### Your goal:
Print the whole listing again exactly, keeping no pictures in it.

### Data extract:
----
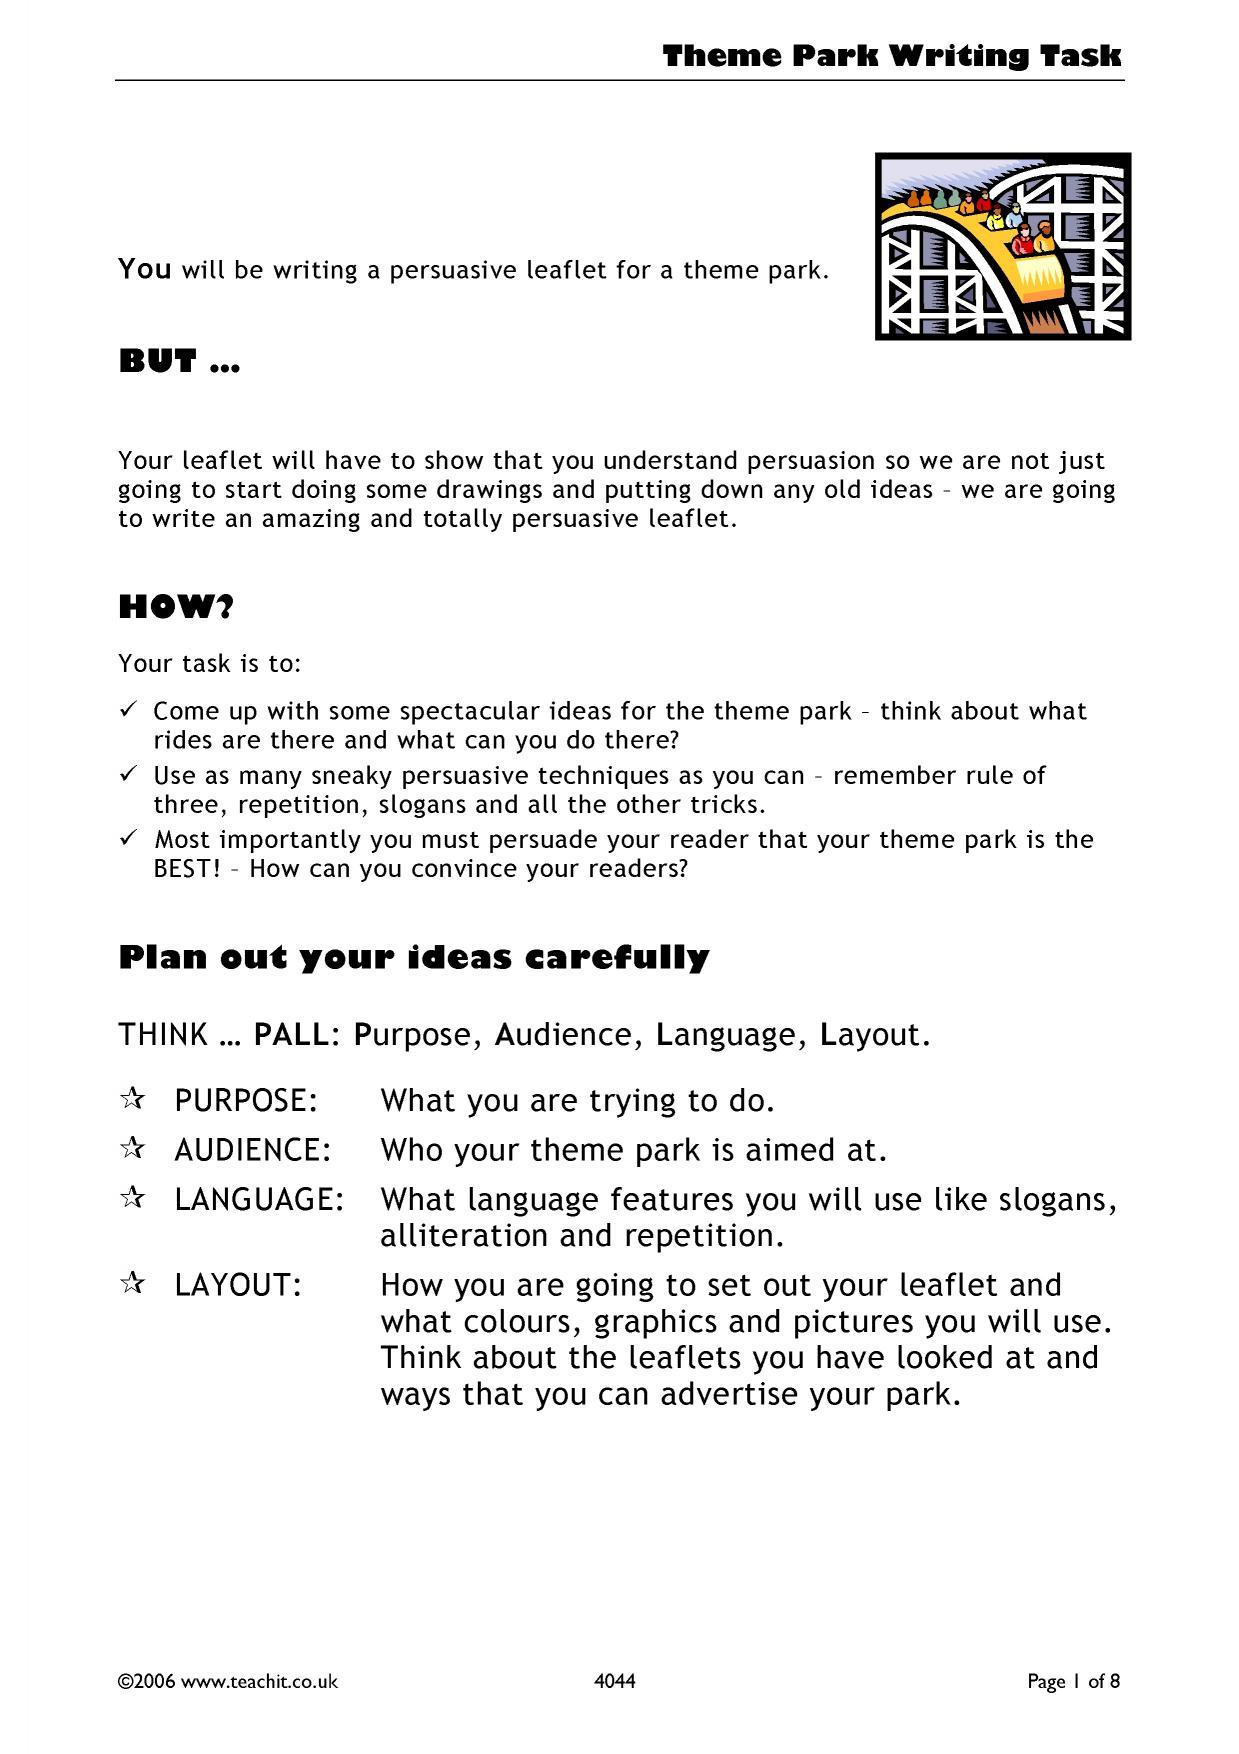 features of persuasive writing Persuasive writing features (matthew fagg) writing to persuade  features of a persuasive leaflet (lindsey franklin) persuasive writing mat (rhian walton) doc.
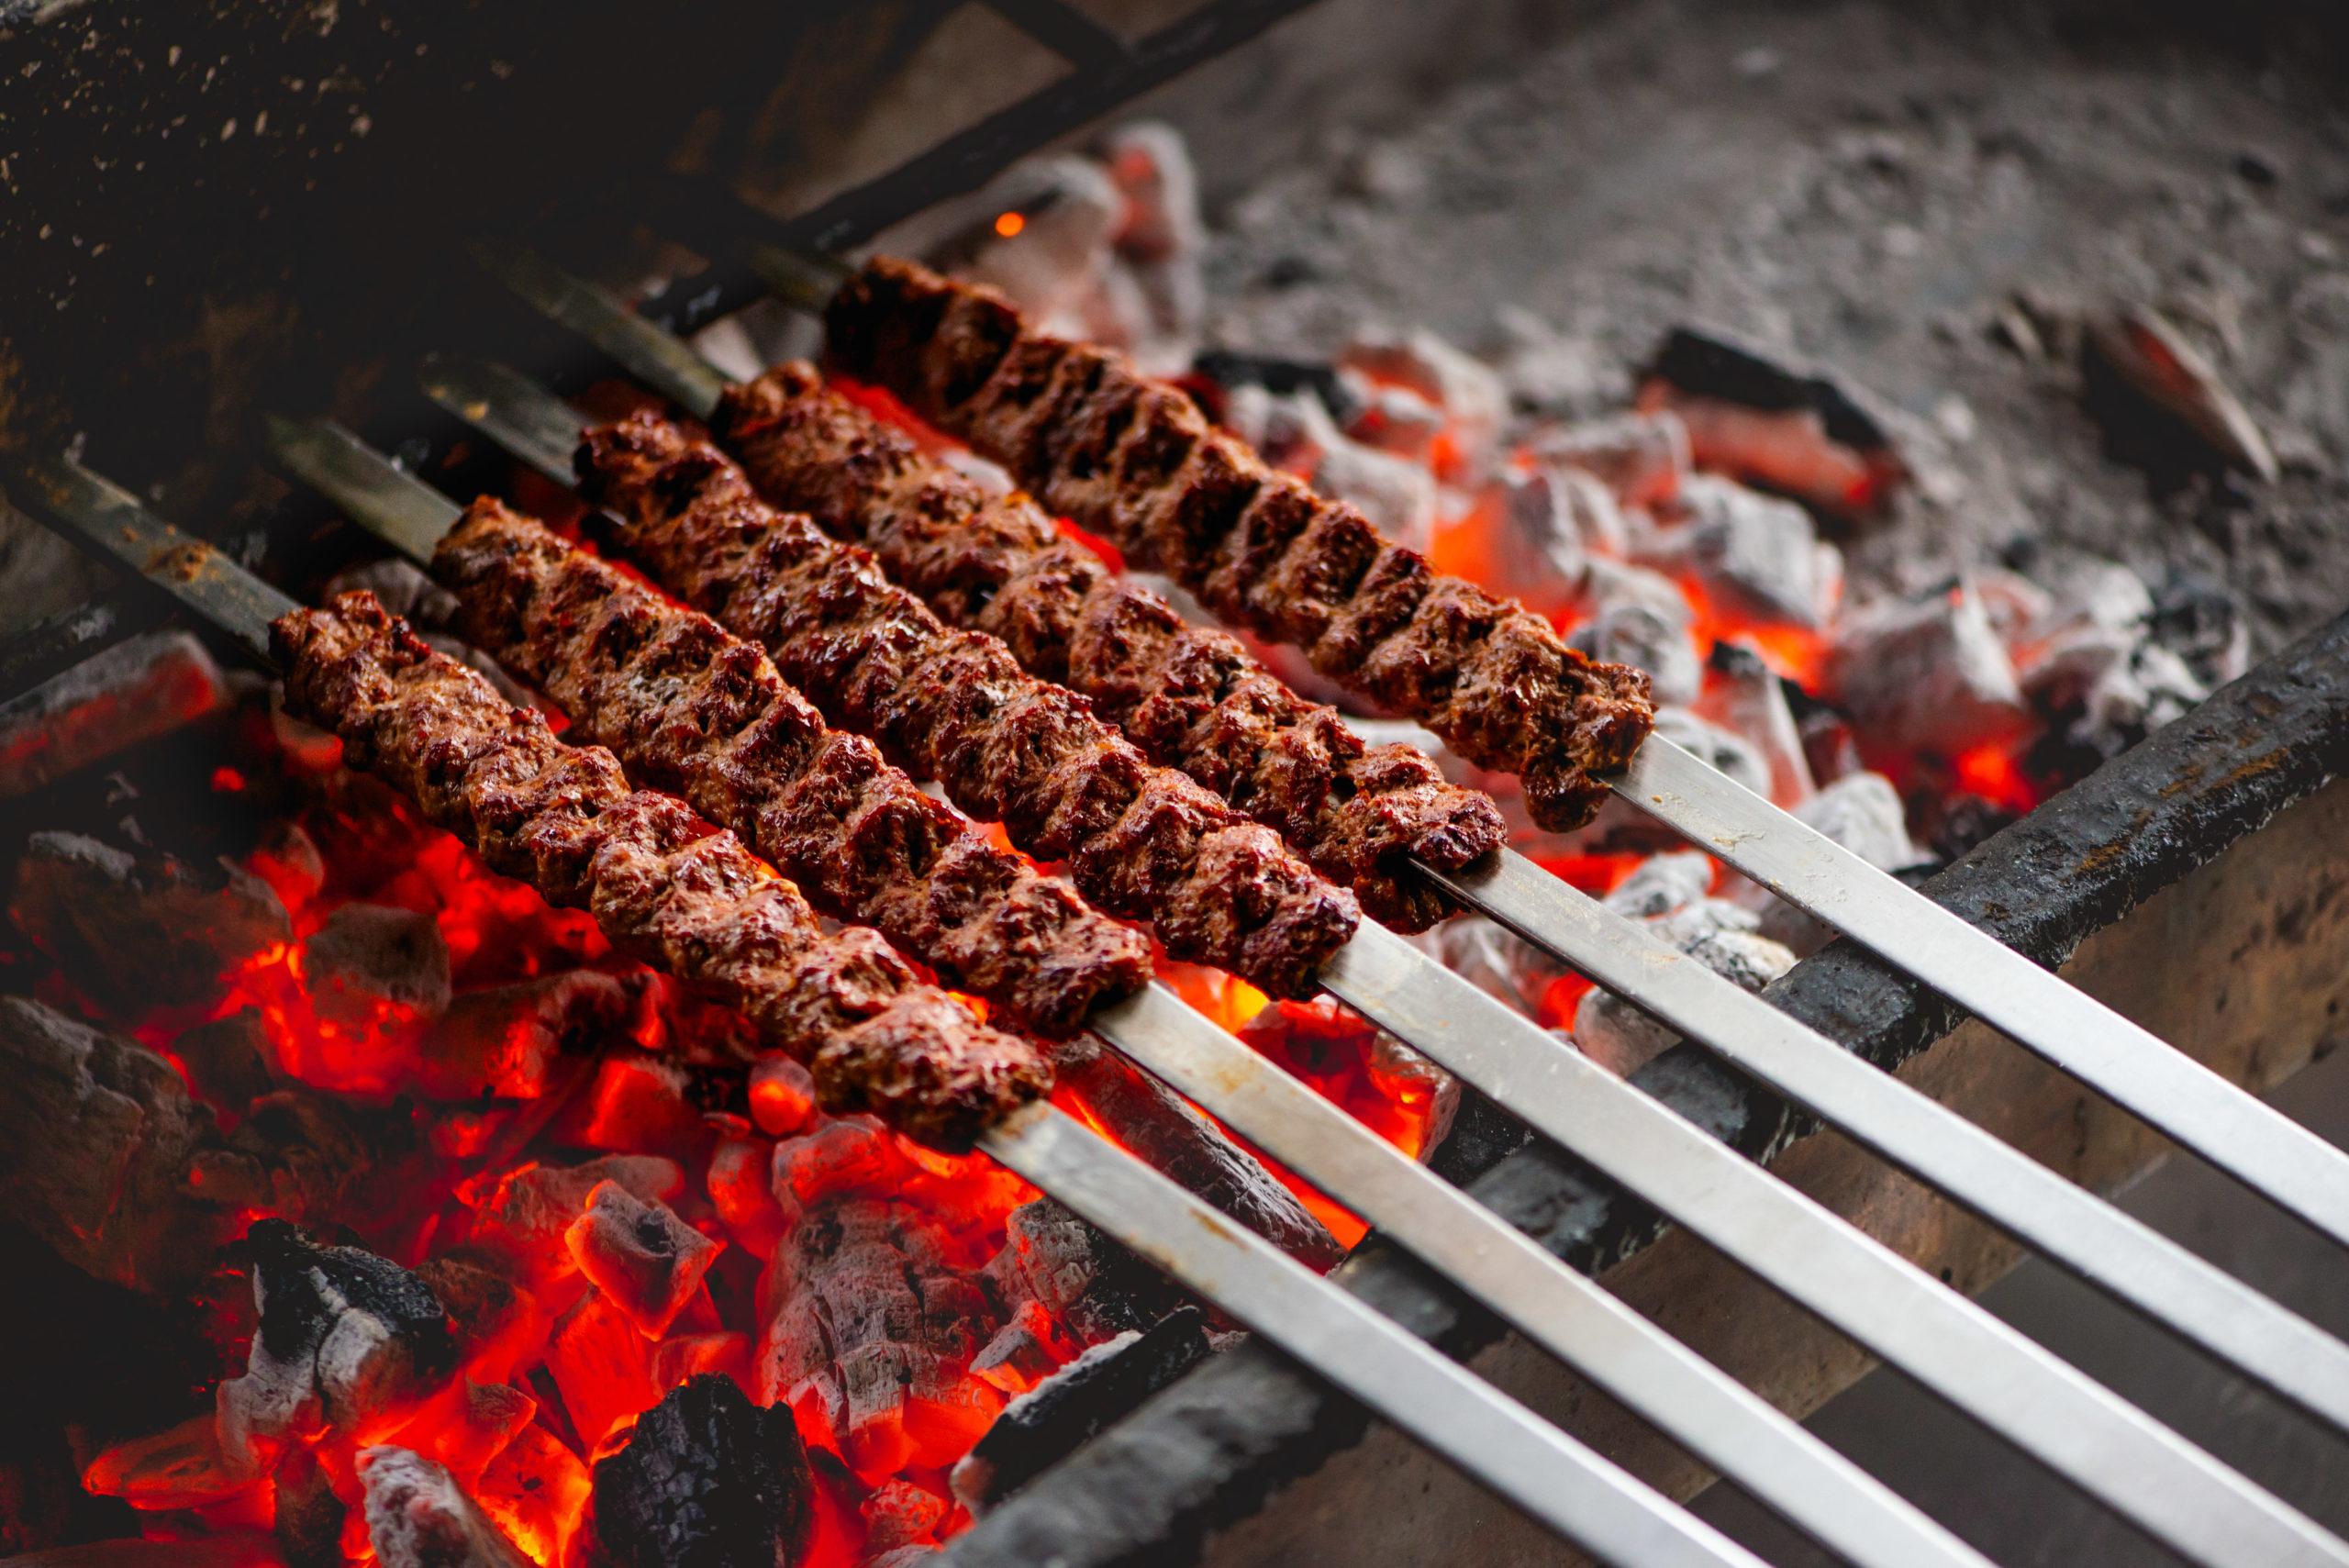 kebab Miras turkse barbecue Stefanie Spoelder Foodfotograaf foodfotografie food photography overijssel twente
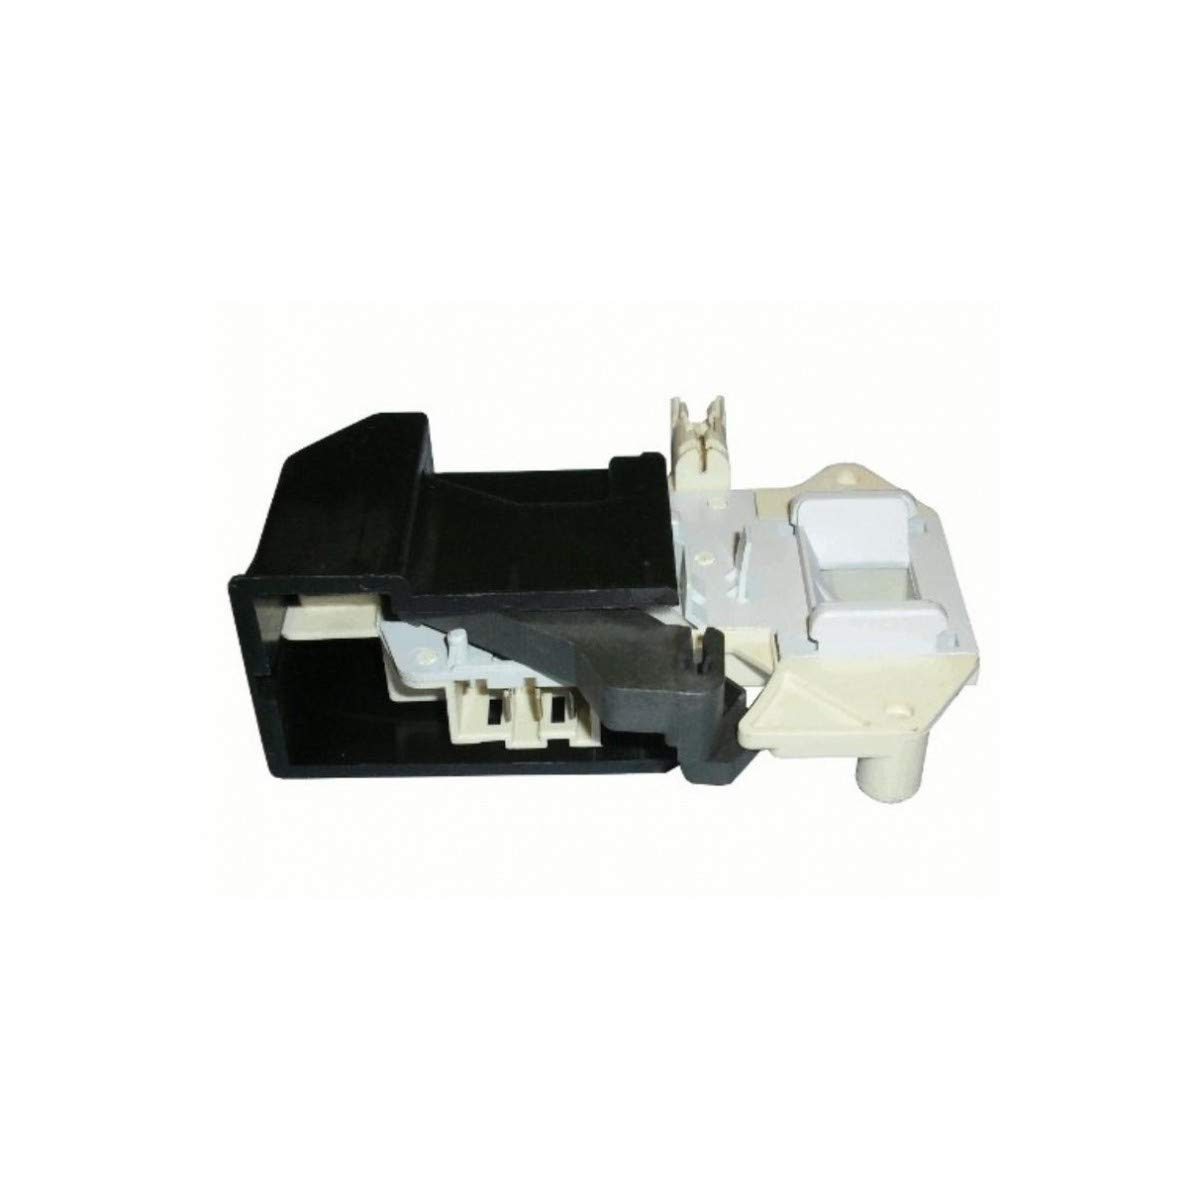 Recamania Interruptor retardo blocapuerta Lavadora Bosch WFF1210 ...
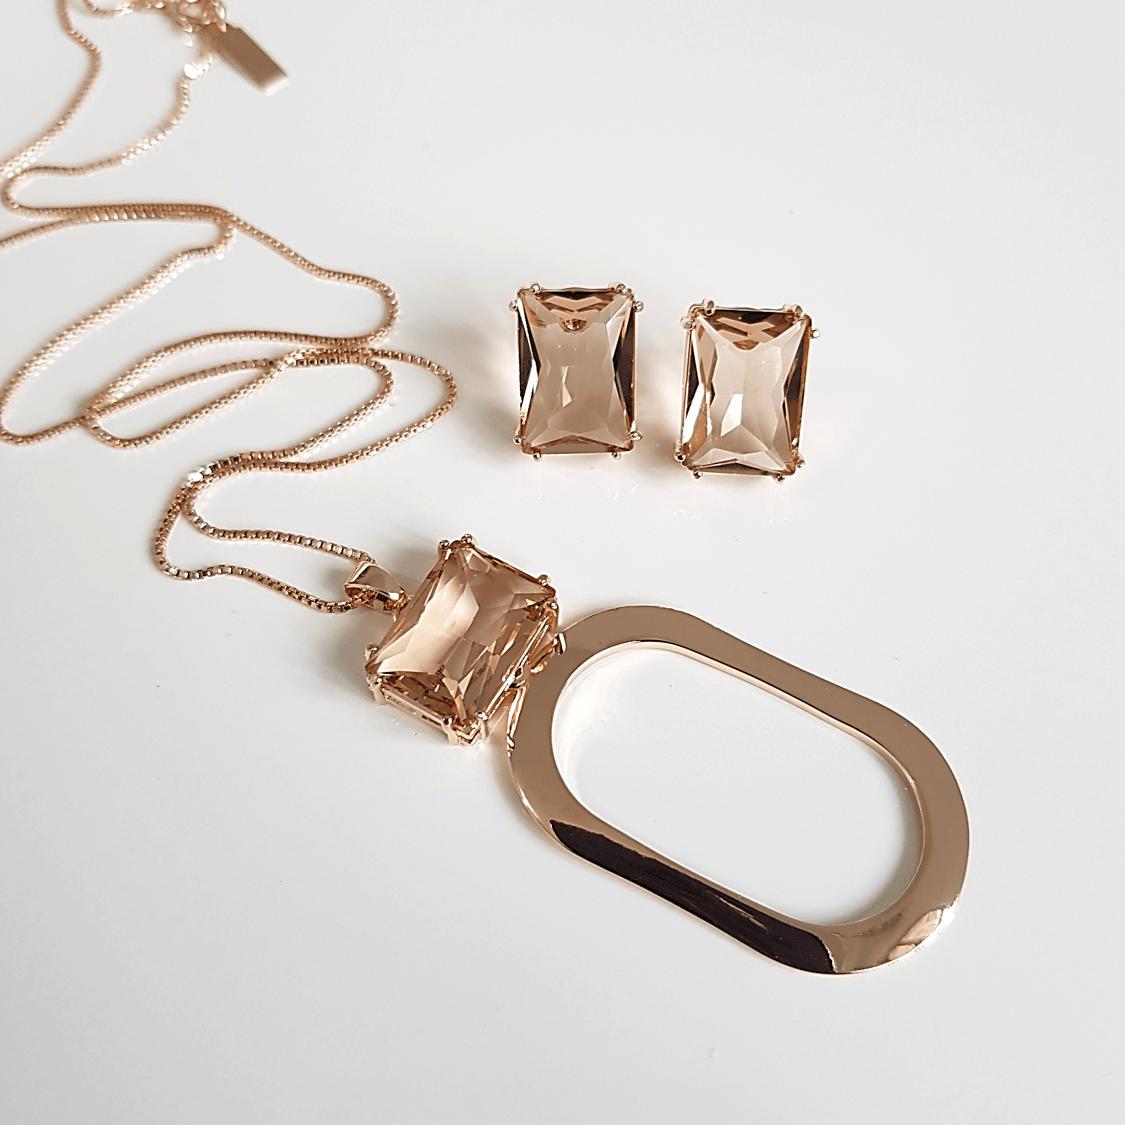 1-Conjunto colar e brinco de cristal champanhe - retangular
----
### Response area:
 features of persuasive writing Persuasive writing features (matthew fagg) writing to persuade  features of a persuasive leaflet (lindsey franklin) persuasive writing mat (rhian walton) doc.
 kebab Miras turkse barbecue Stefanie Spoelder Foodfotograaf foodfotografie food photography overijssel twente
 Recamania Interruptor retardo blocapuerta Lavadora Bosch WFF1210 ...
 1-Conjunto colar e brinco de cristal champanhe - retangular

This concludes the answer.